People learned about the release through local radio and social media; now dozens of children press forward, asking Moretti questions about Tommy’s treatment and recovery. The scene highlights the public-facing side of the nonprofit: education and conservation outreach are as central to the hospital’s work as veterinary care and research.

The Turtle Hospital in Marathon is unique in the United States for combining sea turtle rescue, rehabilitation, research and public education under one roof. The facility has led national research into fibropapilloma, a potentially fatal disease that can immobilize turtles by overtaking soft tissue and impairing sight and feeding. Hospital veterinarians also treat more familiar injuries—entanglement in fishing gear, ingestion of plastic and balloon debris, and boat-propeller strikes—using advanced surgical techniques to remove growths and restore mobility and vision.

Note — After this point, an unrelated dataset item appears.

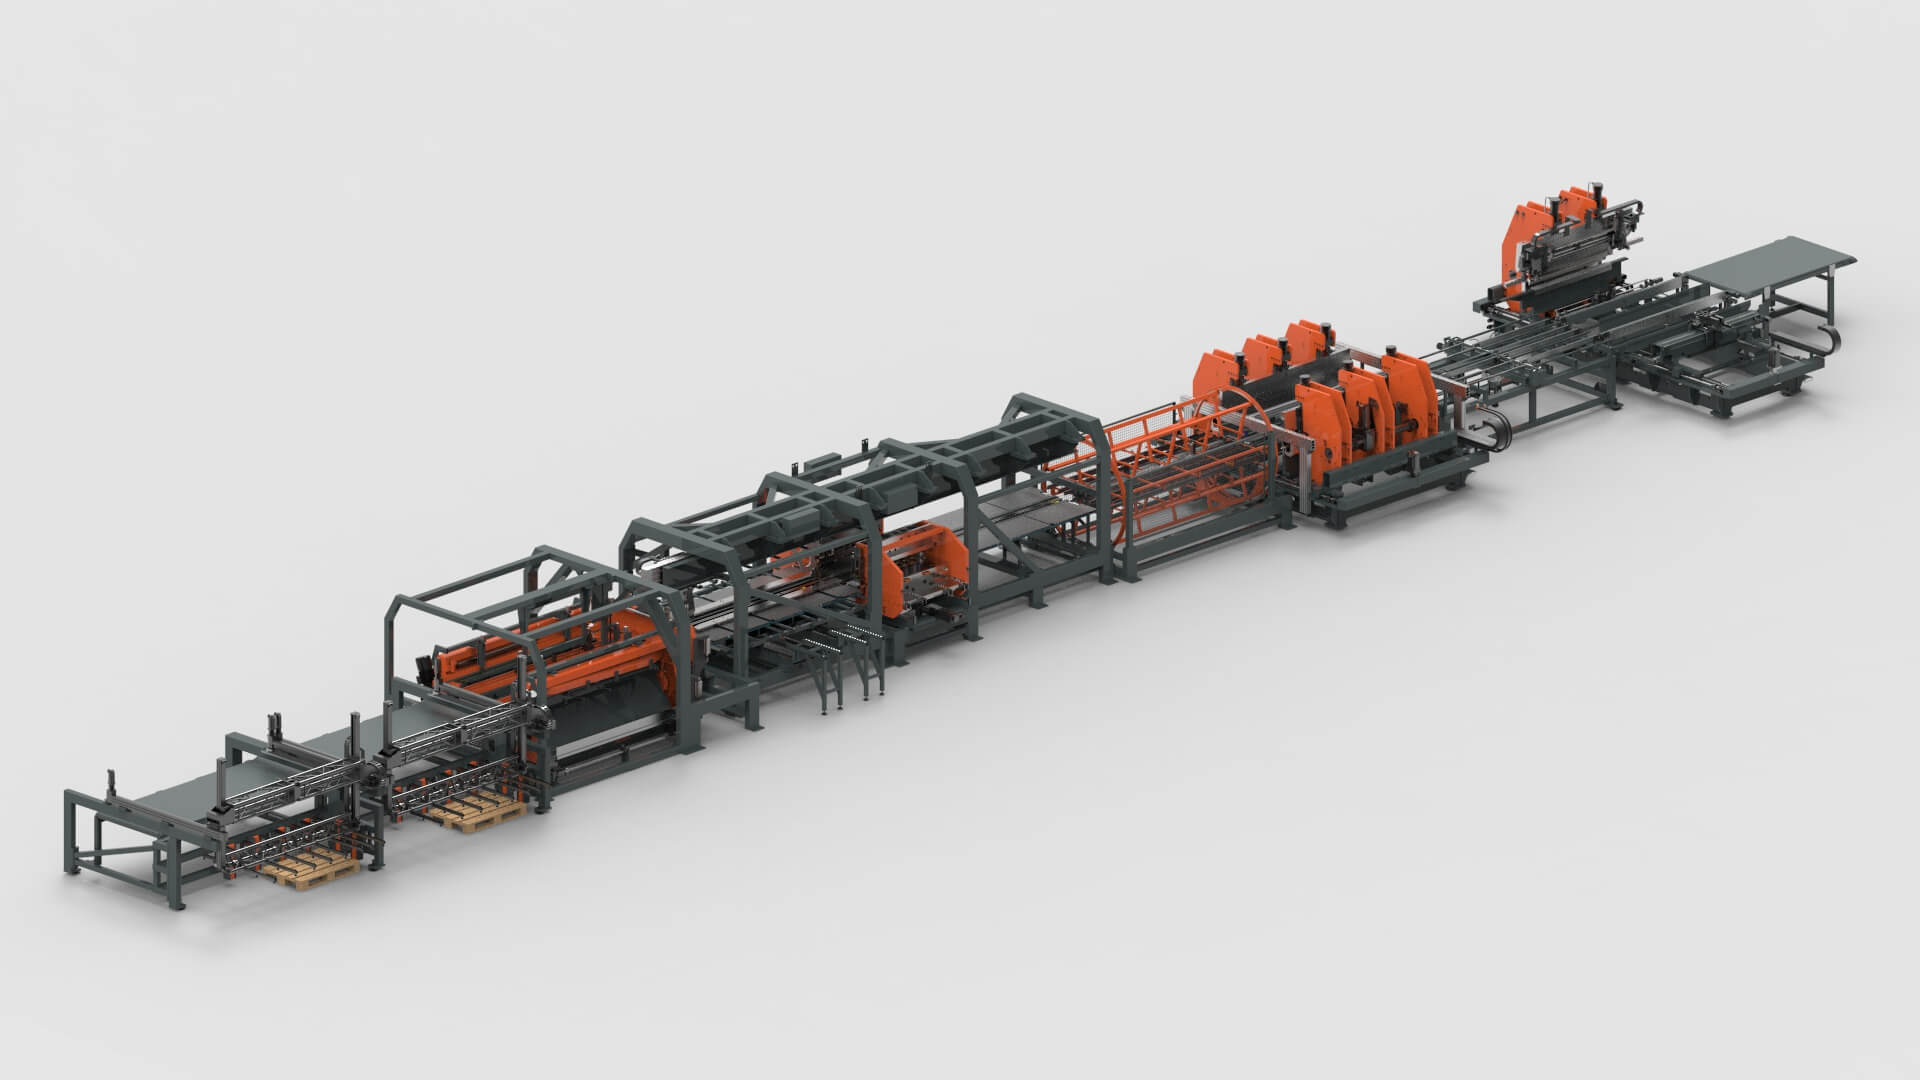 wemo-stalen-deuren-plaatbewerking-snijden-ponsen-buigen-productielijn.jpg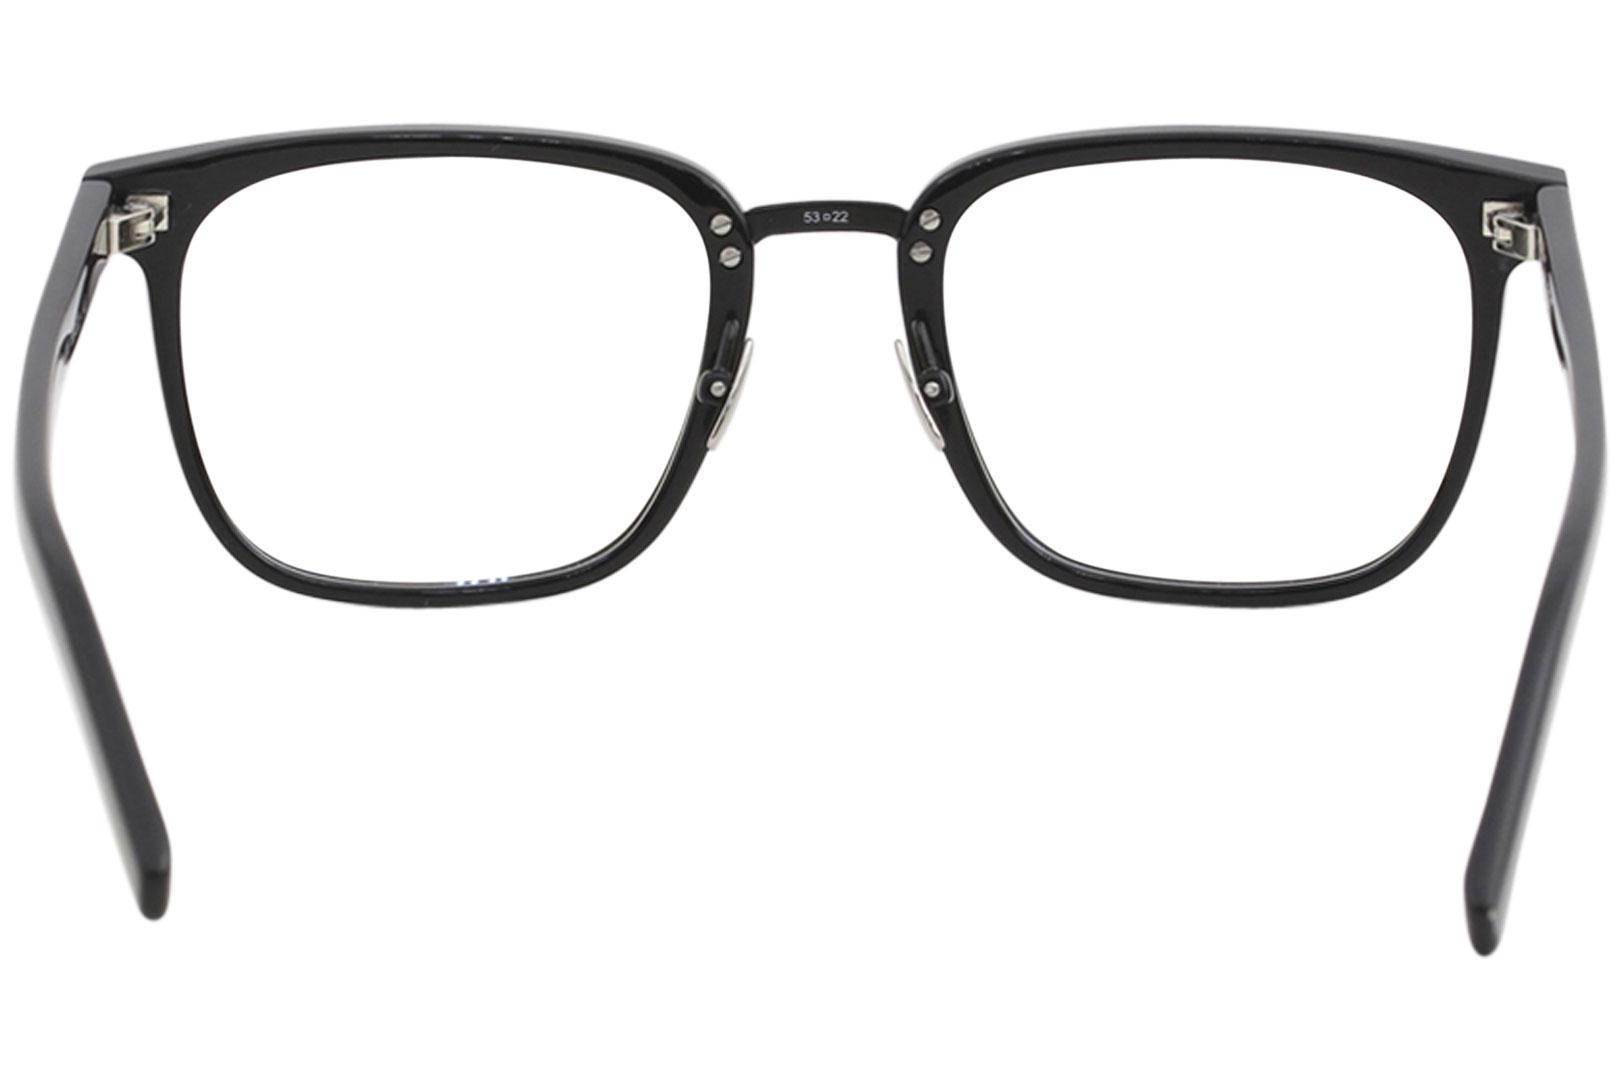 f70edc1e6b3 Saint Laurent Men s Eyeglasses SL222 SL 222 Full Rim Optical Frame by Saint  Laurent. 12345

Alongside clinical work, The Turtle Hospital offers popular tours guided by a team of 21 full-time and five part-time educators. Visitors receive briefings on sea turtle species, biology, human-caused threats, and conservation best practices; they may witness veterinary procedures and always visit the rehabilitation pools. One pool houses approximately 18 turtles that cannot be released due to permanent injuries, while others undergo treatment and recovery before being returned to the wild. To date, the hospital has successfully released more than 2,000 sea turtles back into their natural habitat.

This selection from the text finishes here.